TASK INSTRUCTIONS
The records below must be transcribed precisely and in full.

****************************************

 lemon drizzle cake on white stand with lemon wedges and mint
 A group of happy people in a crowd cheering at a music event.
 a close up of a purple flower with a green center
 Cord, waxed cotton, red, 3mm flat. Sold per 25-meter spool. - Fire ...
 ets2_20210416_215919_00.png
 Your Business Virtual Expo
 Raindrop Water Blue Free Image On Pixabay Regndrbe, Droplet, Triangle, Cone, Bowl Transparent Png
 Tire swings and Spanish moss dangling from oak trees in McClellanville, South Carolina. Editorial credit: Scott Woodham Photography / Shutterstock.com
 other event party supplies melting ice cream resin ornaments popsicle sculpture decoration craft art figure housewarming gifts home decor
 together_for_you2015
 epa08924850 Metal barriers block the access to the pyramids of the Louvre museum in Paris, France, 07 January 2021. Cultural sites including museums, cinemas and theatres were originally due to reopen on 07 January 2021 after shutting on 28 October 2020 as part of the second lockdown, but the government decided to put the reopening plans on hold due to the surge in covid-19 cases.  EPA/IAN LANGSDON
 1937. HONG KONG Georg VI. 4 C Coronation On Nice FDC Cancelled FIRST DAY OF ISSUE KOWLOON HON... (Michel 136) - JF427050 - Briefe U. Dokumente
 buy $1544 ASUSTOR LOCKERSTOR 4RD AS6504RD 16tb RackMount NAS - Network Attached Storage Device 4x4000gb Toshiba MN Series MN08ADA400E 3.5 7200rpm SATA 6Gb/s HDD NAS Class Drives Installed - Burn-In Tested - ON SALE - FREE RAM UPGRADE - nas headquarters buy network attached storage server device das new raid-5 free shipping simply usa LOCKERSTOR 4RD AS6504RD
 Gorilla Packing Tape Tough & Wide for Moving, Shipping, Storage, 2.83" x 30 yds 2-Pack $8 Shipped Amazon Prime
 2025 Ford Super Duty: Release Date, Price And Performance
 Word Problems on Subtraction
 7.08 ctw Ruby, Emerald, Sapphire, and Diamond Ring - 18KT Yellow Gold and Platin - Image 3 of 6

****************************************

EXERCISE SOLUTION
 lemon drizzle cake on white stand with lemon wedges and mint
 A group of happy people in a crowd cheering at a music event.
 a close up of a purple flower with a green center
 Cord, waxed cotton, red, 3mm flat. Sold per 25-meter spool. - Fire ...
 ets2_20210416_215919_00.png
 Your Business Virtual Expo
 Raindrop Water Blue Free Image On Pixabay Regndrbe, Droplet, Triangle, Cone, Bowl Transparent Png
 Tire swings and Spanish moss dangling from oak trees in McClellanville, South Carolina. Editorial credit: Scott Woodham Photography / Shutterstock.com
 other event party supplies melting ice cream resin ornaments popsicle sculpture decoration craft art figure housewarming gifts home decor
 together_for_you2015
 epa08924850 Metal barriers block the access to the pyramids of the Louvre museum in Paris, France, 07 January 2021. Cultural sites including museums, cinemas and theatres were originally due to reopen on 07 January 2021 after shutting on 28 October 2020 as part of the second lockdown, but the government decided to put the reopening plans on hold due to the surge in covid-19 cases.  EPA/IAN LANGSDON
 1937. HONG KONG Georg VI. 4 C Coronation On Nice FDC Cancelled FIRST DAY OF ISSUE KOWLOON HON... (Michel 136) - JF427050 - Briefe U. Dokumente
 buy $1544 ASUSTOR LOCKERSTOR 4RD AS6504RD 16tb RackMount NAS - Network Attached Storage Device 4x4000gb Toshiba MN Series MN08ADA400E 3.5 7200rpm SATA 6Gb/s HDD NAS Class Drives Installed - Burn-In Tested - ON SALE - FREE RAM UPGRADE - nas headquarters buy network attached storage server device das new raid-5 free shipping simply usa LOCKERSTOR 4RD AS6504RD
 Gorilla Packing Tape Tough & Wide for Moving, Shipping, Storage, 2.83" x 30 yds 2-Pack $8 Shipped Amazon Prime
 2025 Ford Super Duty: Release Date, Price And Performance
 Word Problems on Subtraction
 7.08 ctw Ruby, Emerald, Sapphire, and Diamond Ring - 18KT Yellow Gold and Platin - Image 3 of 6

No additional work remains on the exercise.